Task to complete ▸ Write out exactly the lines below starting at the one containing "Prévisualisation du document" and ending at the one containing "Spielplatz. A playground". Omit every picture.

Input material ▸
····················

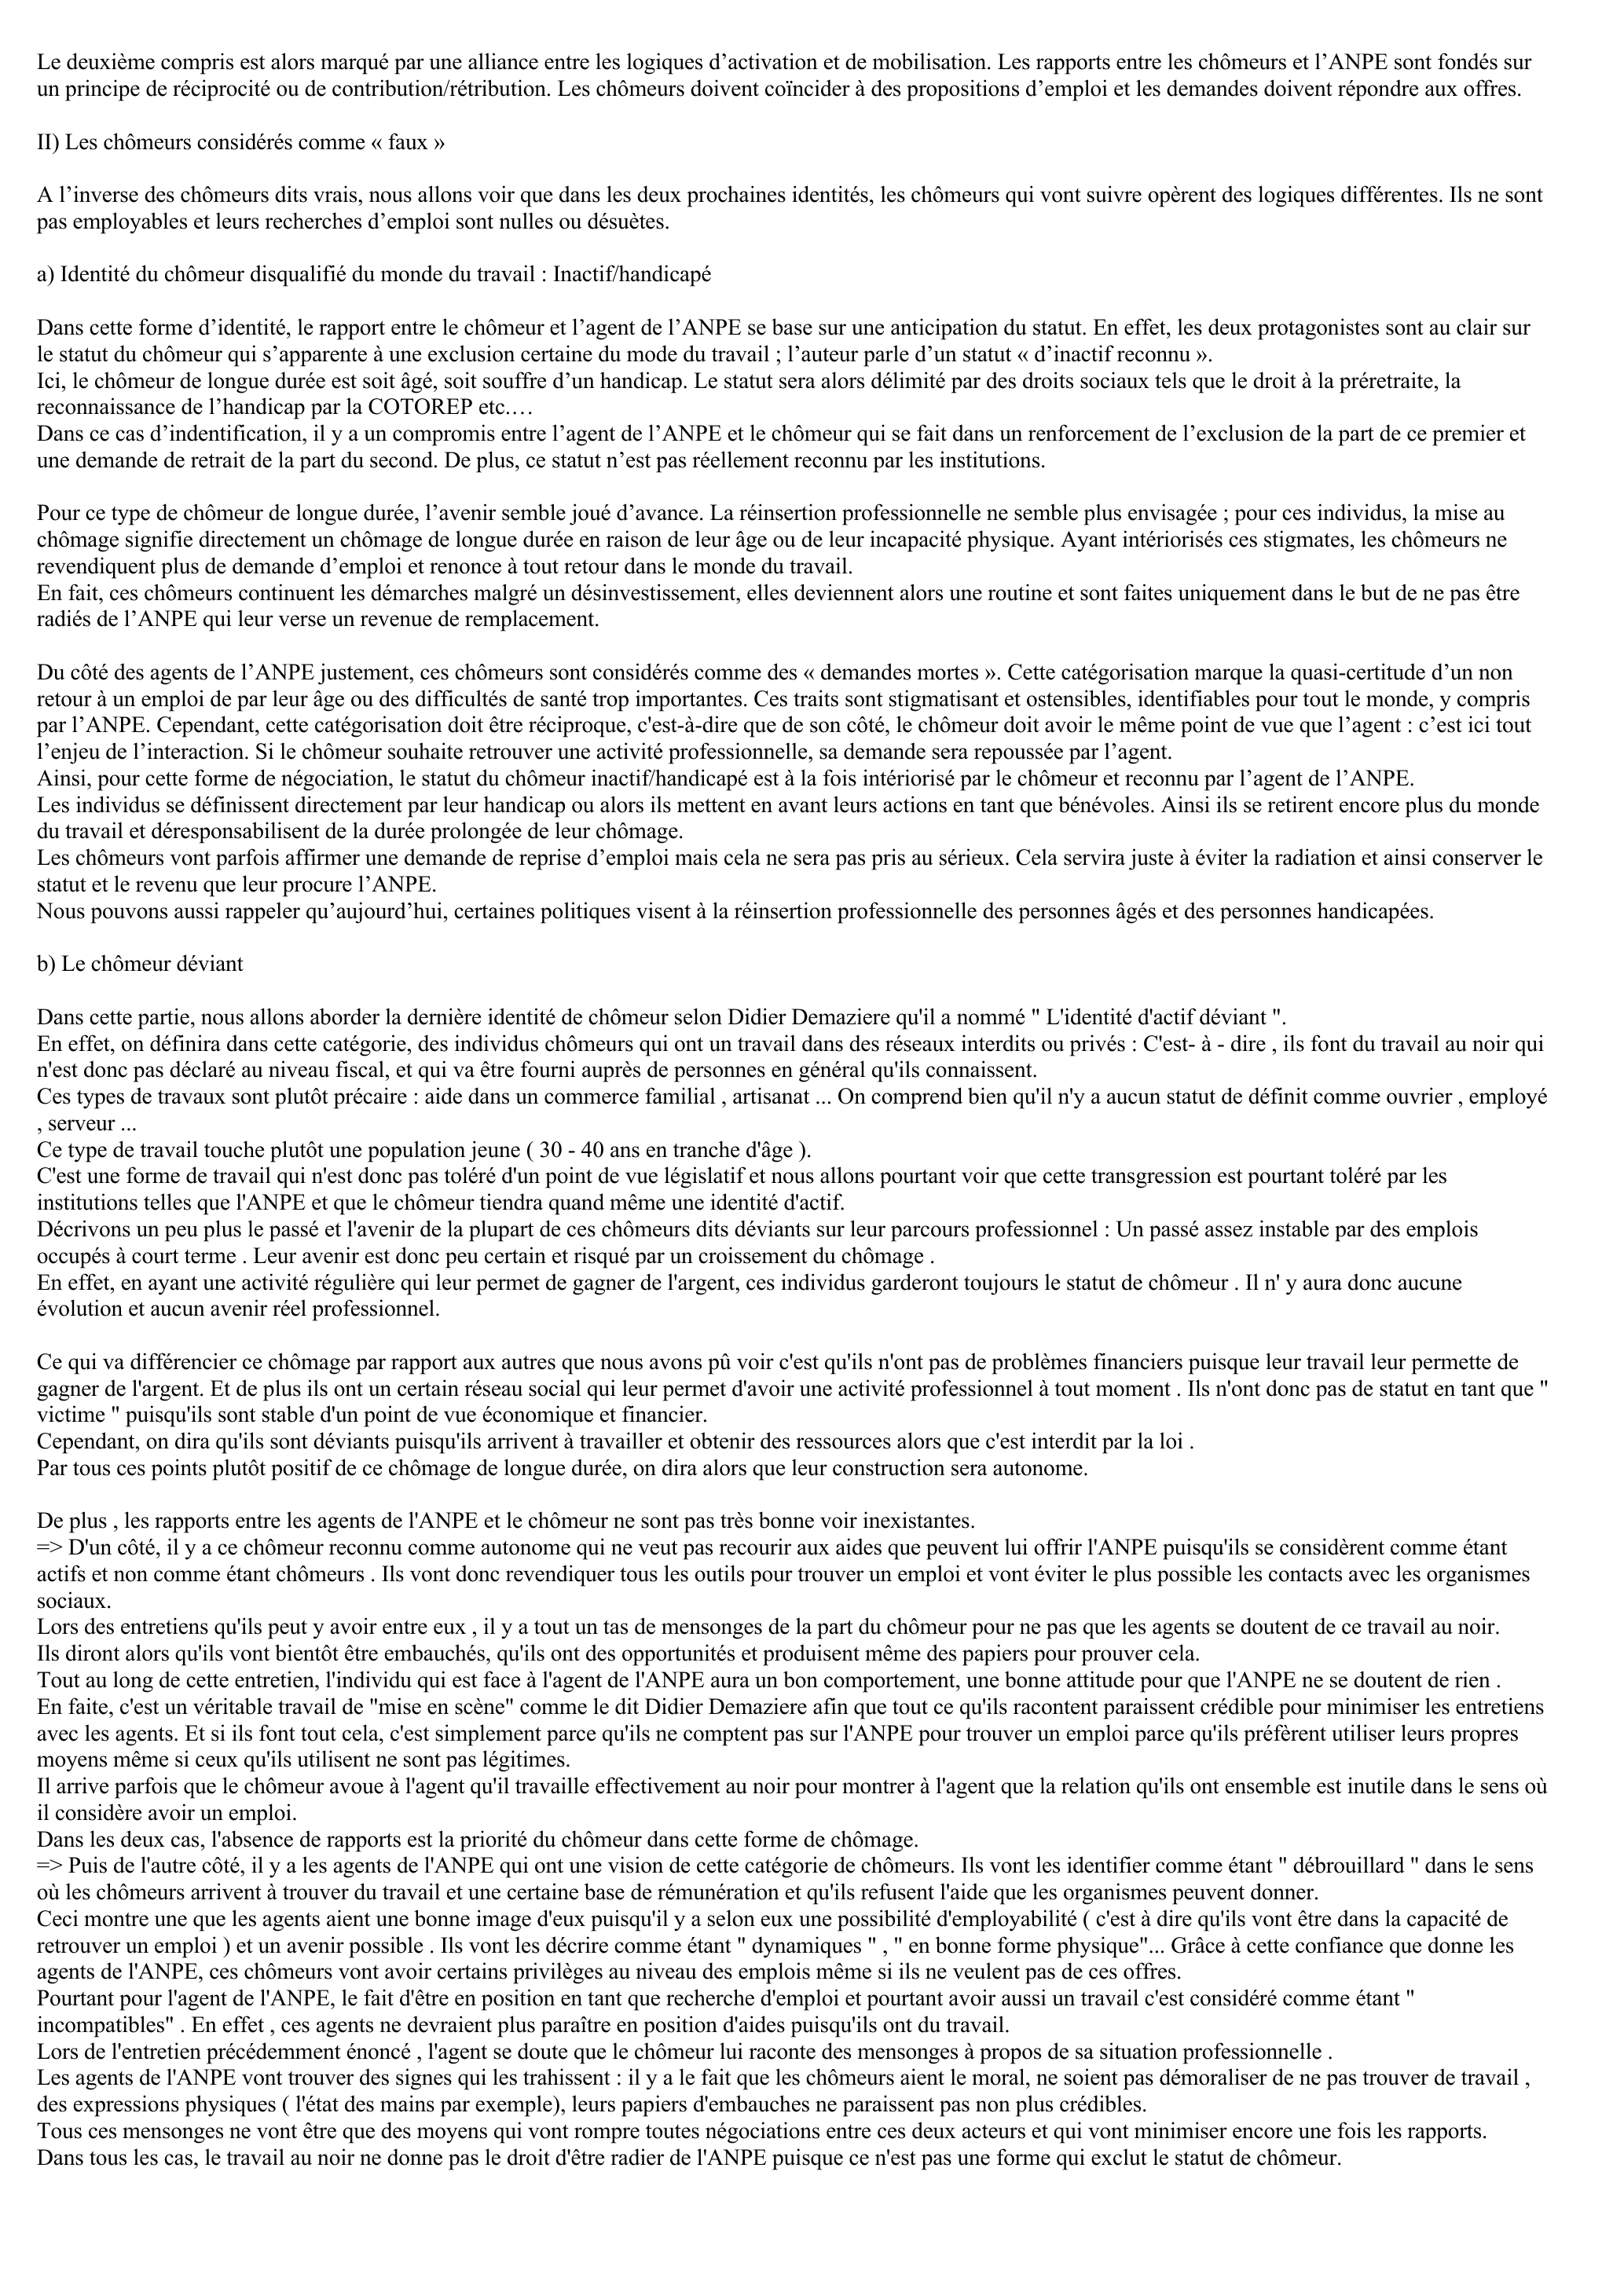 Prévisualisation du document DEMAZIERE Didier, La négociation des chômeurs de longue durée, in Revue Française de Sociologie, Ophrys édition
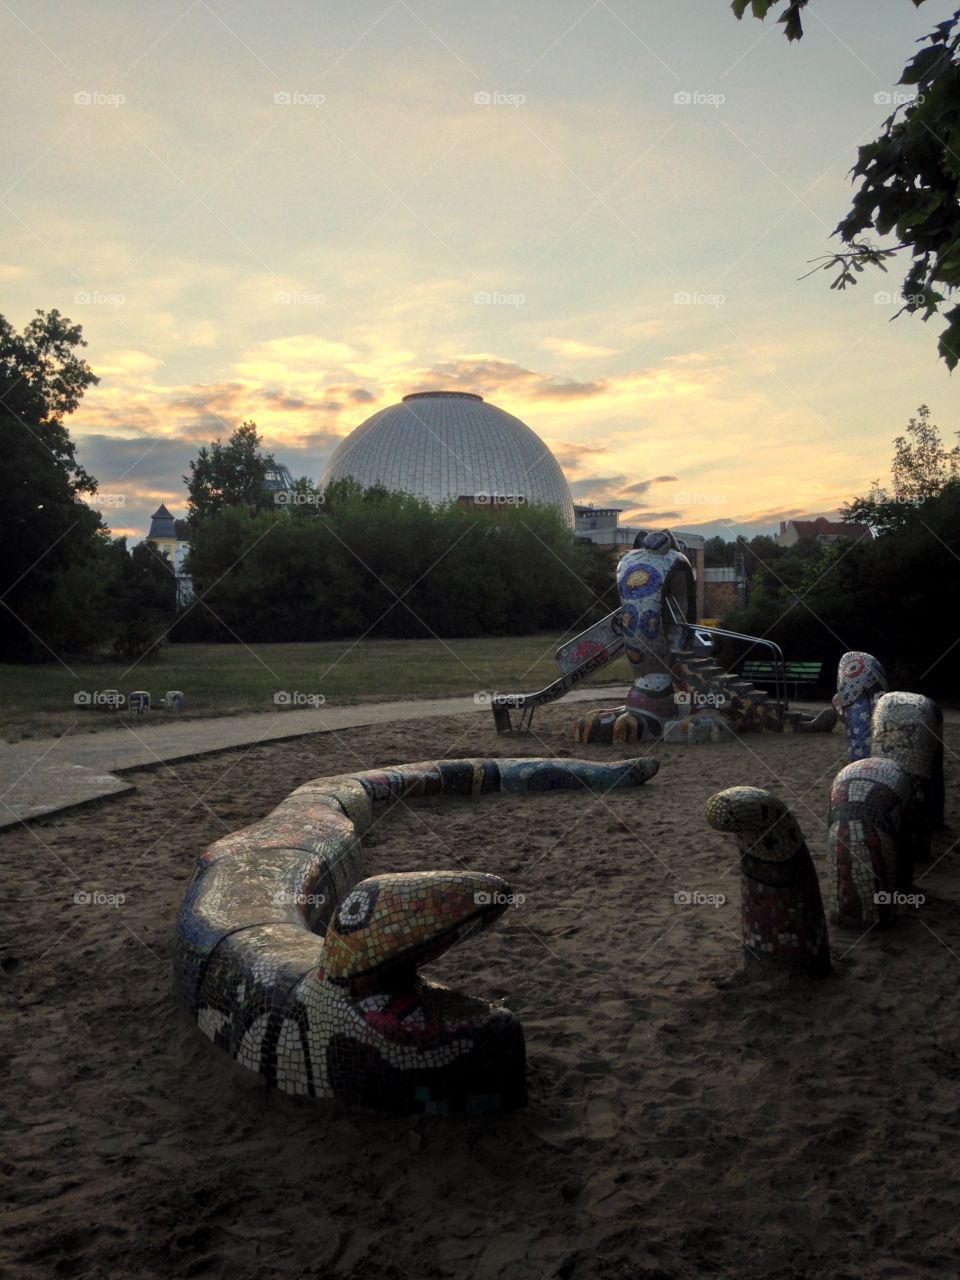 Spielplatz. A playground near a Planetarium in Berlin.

····················

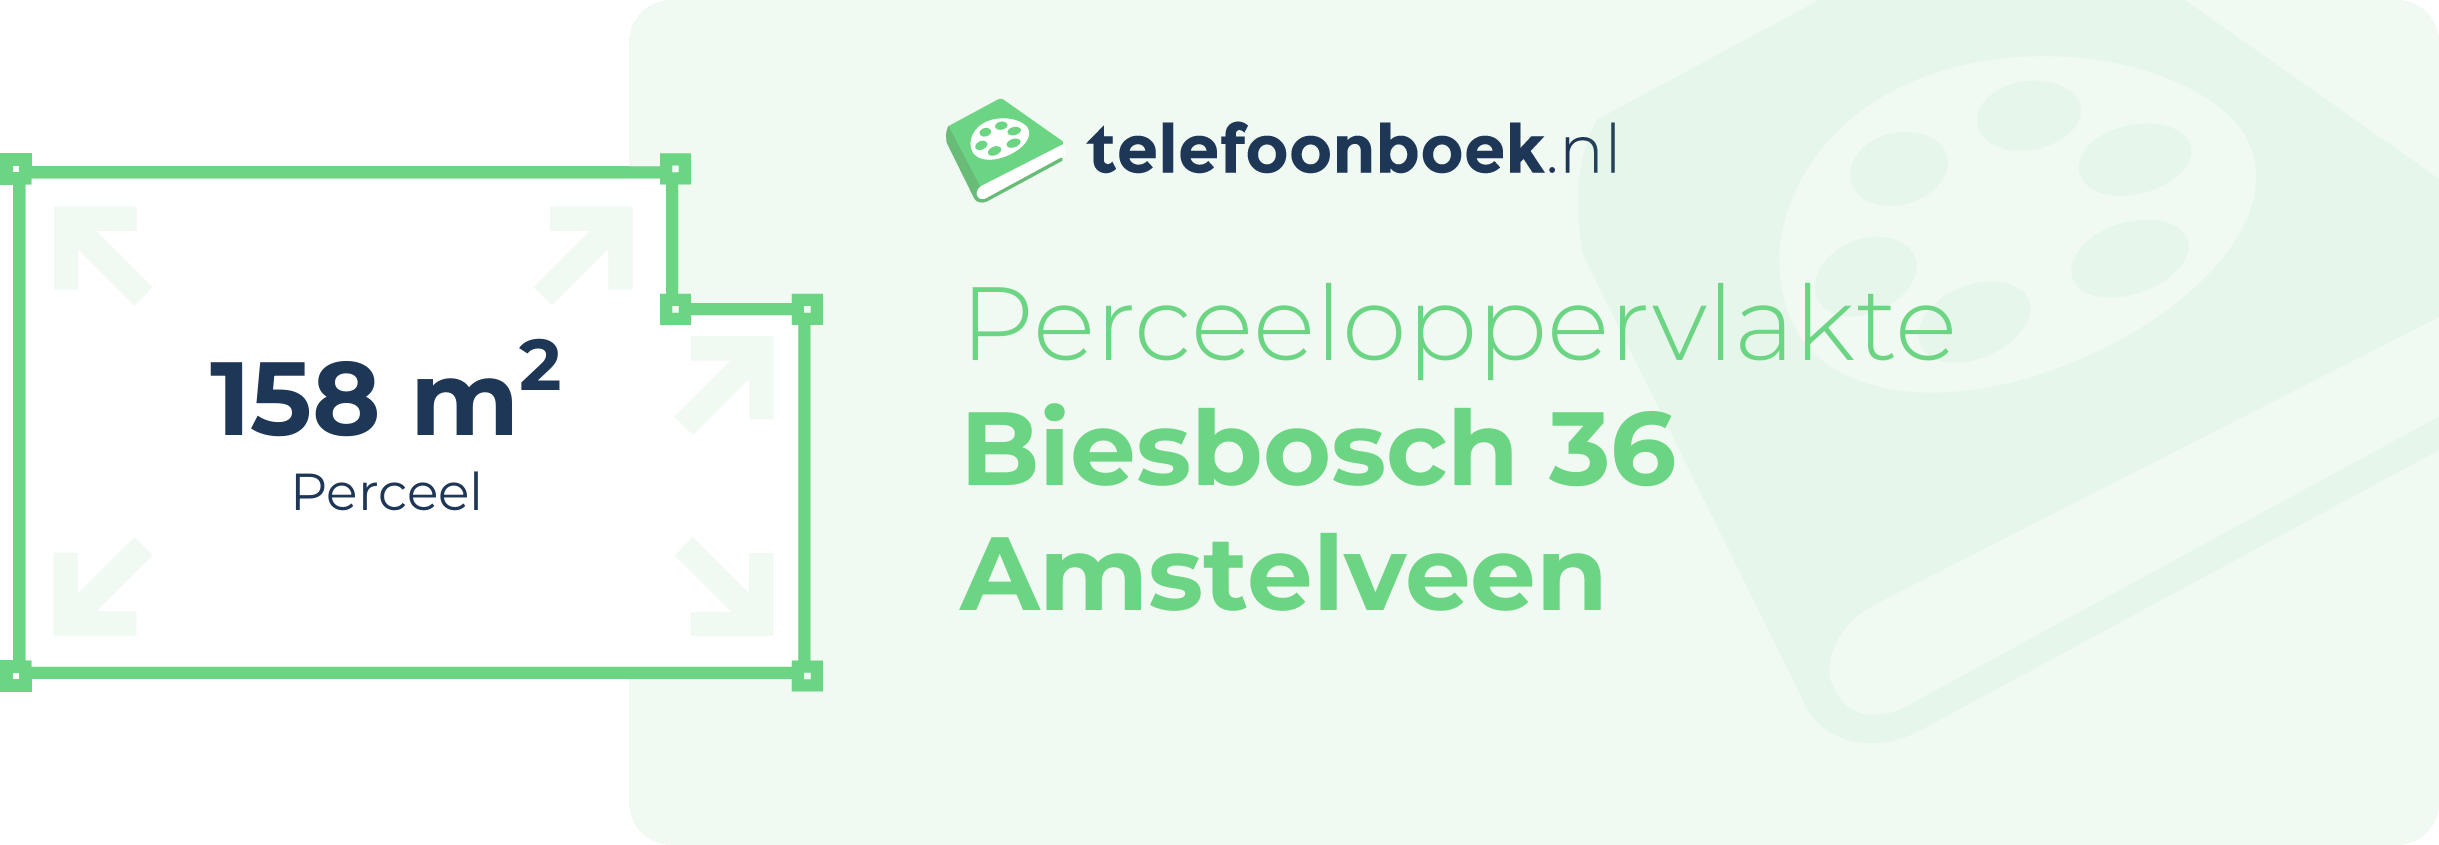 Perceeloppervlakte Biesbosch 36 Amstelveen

····················

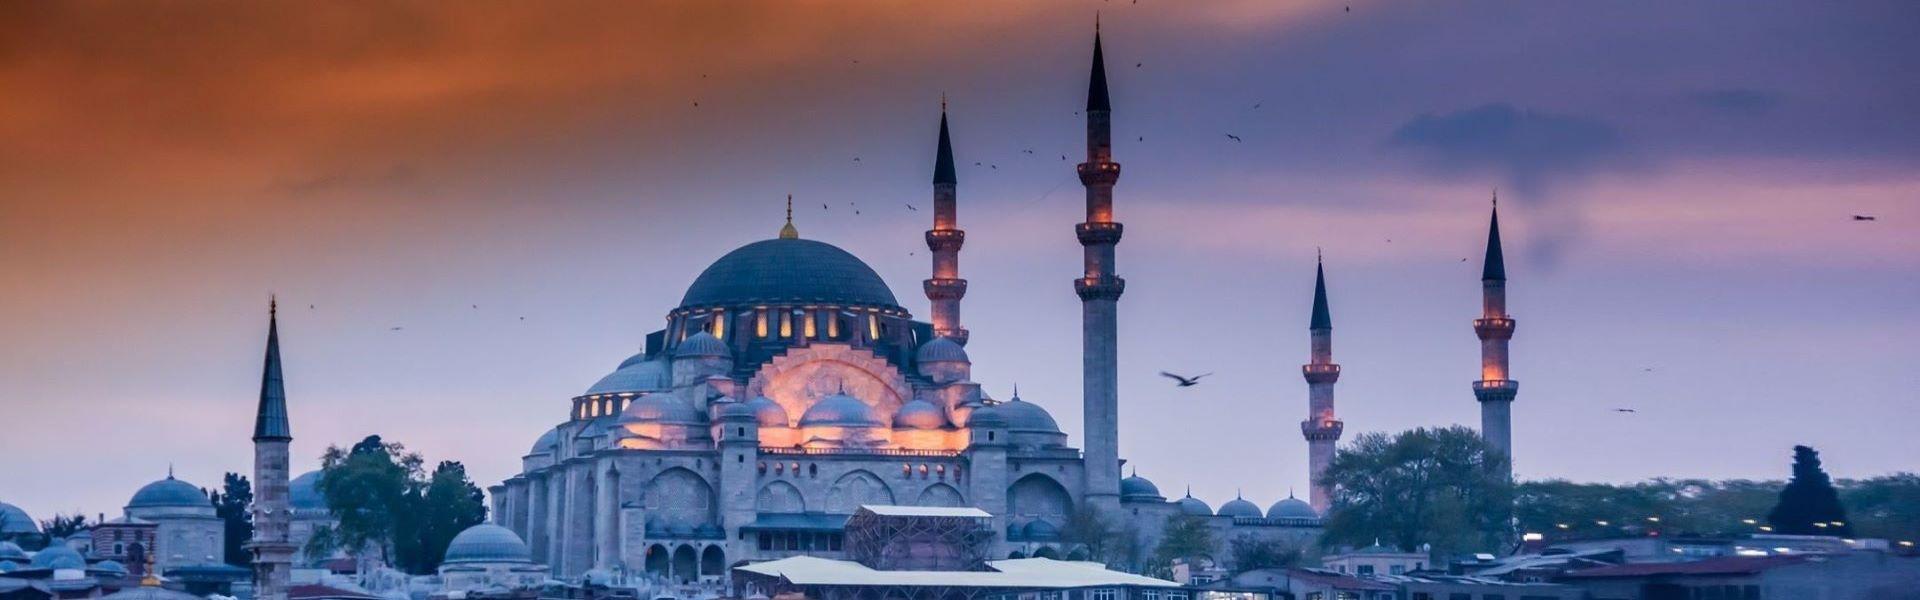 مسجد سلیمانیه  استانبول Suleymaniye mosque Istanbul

····················

Your response ▸
 Prévisualisation du document DEMAZIERE Didier, La négociation des chômeurs de longue durée, in Revue Française de Sociologie, Ophrys édition
 Spielplatz. A playground near a Planetarium in Berlin.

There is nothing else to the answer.